@david_chisnall I think "if I run something with execve it is very difficult for an argument to be parsed incorrectly afterwards" is a highly desirable feature for a system centered around command line argument parsing in a highly heterogenous environment. yes, you *can* build a consistent system without this property. but a system with execve will trend towards not having quoting bugs, and a system with CreateProcess will trend towards having them, all else being equal
I think you’re conflating a couple of things here. The big problem with CreateProcess is that they take a single string for all command-lime arguments, whereas execve takes a vector of arguments. This is the root cause of a load of quoting errors because there is no way of passing multiple arguments to a child process on Windows that doesn’t involve quoting them. And, because this API is used directly, everyone rolls their own quoting code to go from their internal vector-of-arguments representation to the child process’s one.
This has nothing to do with glob expansion, which happens later after you’ve split arguments. And on UNIX-like systems, doing it on the shell causes all sorts of weird behaviour. For example, on FreeBSD, I often do pkg info foo* to print info about packages that start with some string. If I forget to quote the last argument, this behaves differently depending on whether the current directory contains one or more files that have the prefix that I used. If they do, the shell expands them and pkg info returns nothing because I don’t have any installed packages that match those files. If they don’t, the shell passes the star to the program, which does glob expansion but against a namespace that is not the filesystem namespace. The pkg tool knows that this argument is a set of names of installed packages, not files in the current directory, but it can’t communicate that to the shell and so the shell does the wrong thing.
Similarly, on DOS the rename command took a load of source files and a destination file or pattern.
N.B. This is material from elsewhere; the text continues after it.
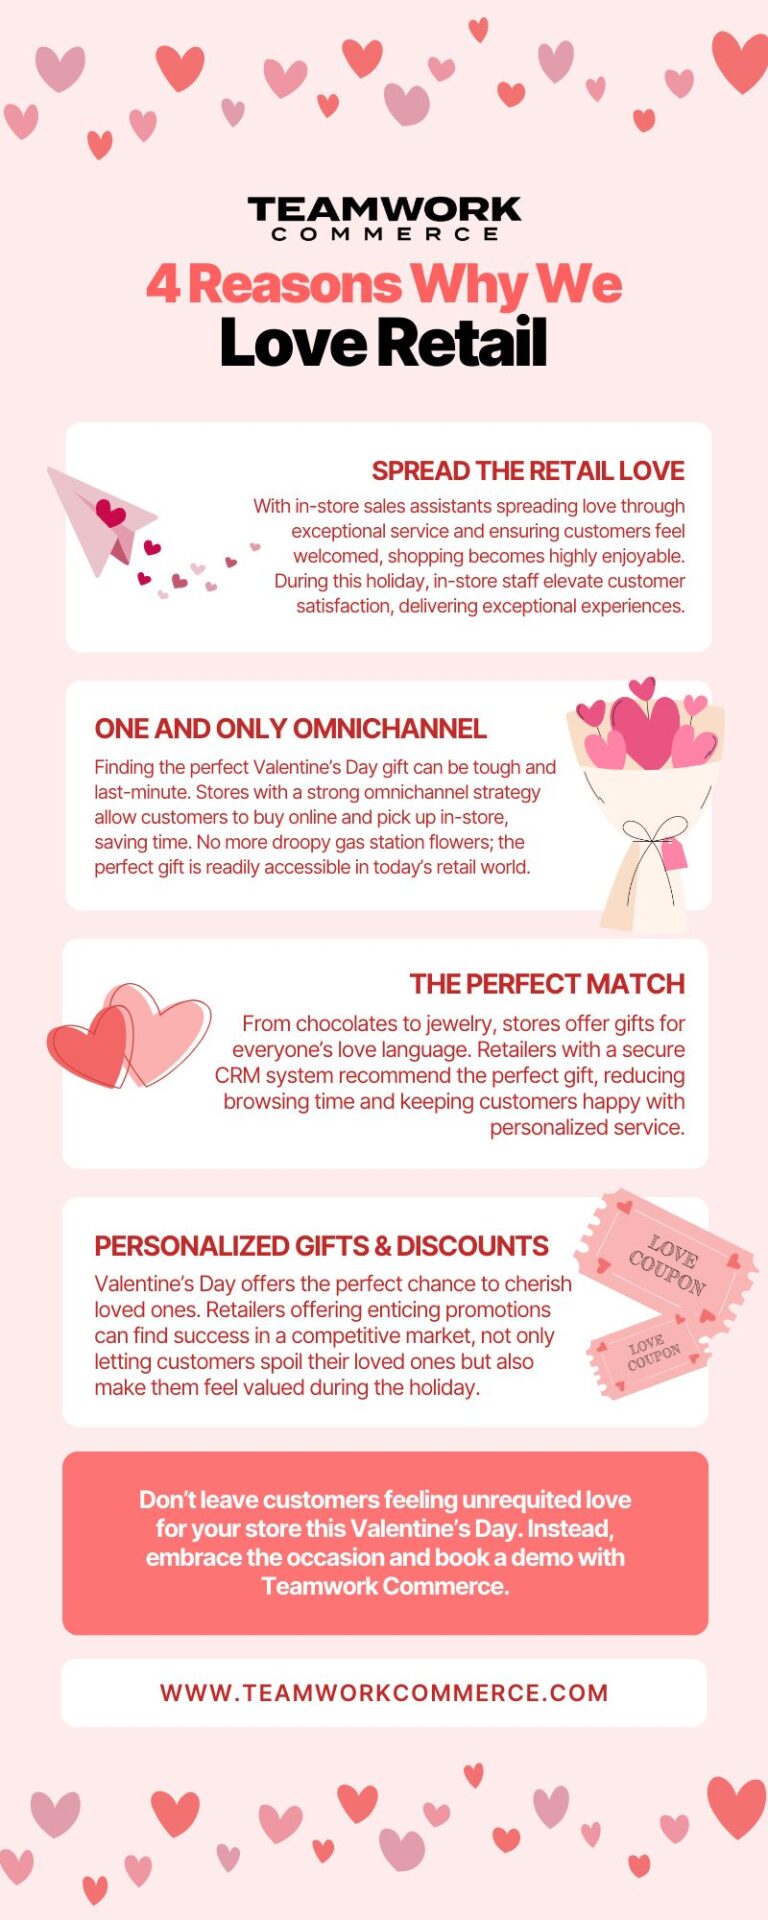 Valentine’s Day: 4 Reasons Why We LOVE Retail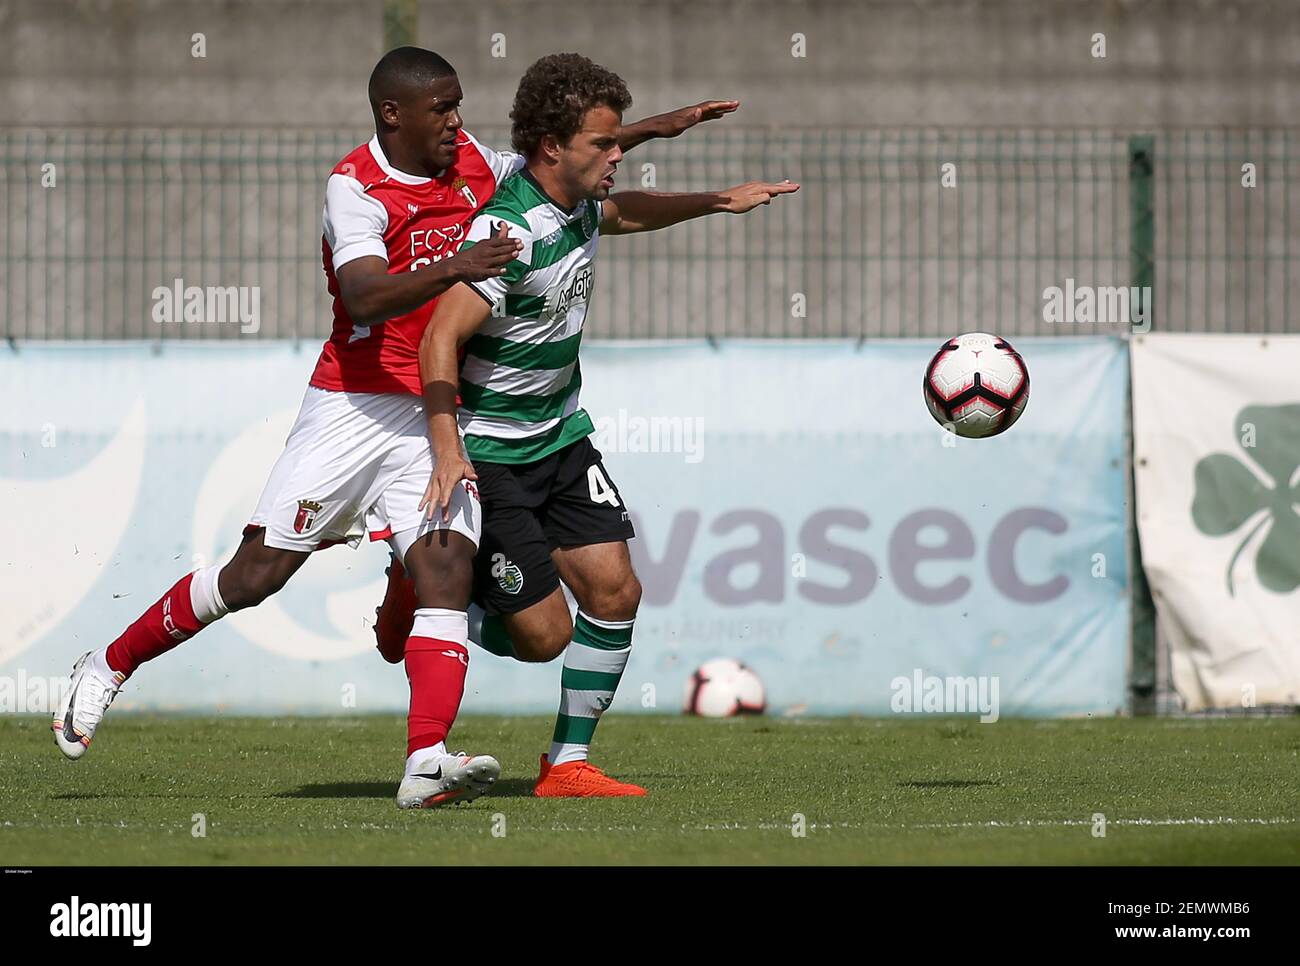 Esposende, 04/20/2019 - Sporting Clube de Braga faced Sporting Clube de  Portugal this afternoon, in the 8th round of the second stage of the Liga  Revelação sub-23, Champion'swdown. The The game was

You could do rename *.c *.txt and it would expand the first pattern, then do the replacement based on the two patterns. UNIX’s mv can’t do that and I deleted a bunch of files by accident when I started using Linux because it’s not obvious to a user what actually happens when you write mv *.c *.txt. There is a GNU (I think?) rename command and its syntax is far more baroque than the DOS one because it is fighting against the shell doing expansion without any knowledge of the argument structure.
@david_chisnall @whitequark but I think the answer for globbing and adjacent matters would lie in programs declaring the "types" of their arguments and shells understanding them? This would also help with tab completion, etc.
But in the end, I guess lowest common denominator tends to win, because innovation is always pushing against limits, and inertia is a big force...
@coder @david_chisnall I was about to point this out as a natural evolution of my other suggestion earlier, yes.
It is not possible to move all processing outside of the tool unless your model is to allow the tool to provide complex arbitrary code to the shell. For example, consider gcc or clang. Some of their flags depend on the target, so you need to parse some of the, and then do lookups against complex data structures that depend on targets. It’s sufficiently complex that writing it in declarative code is hard.
Some folks on the .NET team had a very nice solution to this for autocompletion, where a .EXE had a special section of .NET IL that PowerShell could load. If you used their declarative framework for argument parsing then it would generate this for you and it would make autocomplete work beautifully in PowrShell (not sure if this was ever released, I played with a prototype). I can imagine a lightweight WAsm interpreter being an interesting approach for doing this on *NIX.
The best argument for doing expansion in the shell is one that is sadly not realised in UNIX. If you do file expansion and opening in the shell, you can start processes with file descriptors instead of (or as well as) paths. Processes can then be started with access only to files that are either listed in a manifest or passed on the command line. Build a system like this, and you have a nice way of respecting the principle of least privilege.
@david_chisnall @coder since at the beginning you stated that shared libraries are available: I am completely fine with applications being loadable shared libraries that the shell interoperates with via a function call based interface; at a point where you have structured data on the shell/application interface you already have your application be conceptually a function call, so you might as well implement it using a function call interface (or multiple functions, as you suggest here)
@david_chisnall @coder I do also think that it is viable, if restrictive enough that it goes against unix sensibilities, to have a declarative interface that limits how shell/filesystem-specific argument types (filename, glob, hole, etc) are used; I think it is an interesting direction for design because it will make the overly complex and difficult to use interfaces like that of `gcc` more difficult to build and so will make the CLI more pleasant to use overall
That is a lot closer to how MULTICS worked. MULTICS shared libraries were a lot richer than the ones that UNIX ever added and were security boundaries much like a UNIX process.
You might have noticed that I’ve copied MULTICS a lot in CHERIoT RTOS.
@david_chisnall @coder I am completely unfamiliar with MULTICS. do you have any good introduction to it?
@whitequark @coder Not really. They published a load of things, but hanging out with Peter G. Neumann and listening to everything he said was the most useful for me.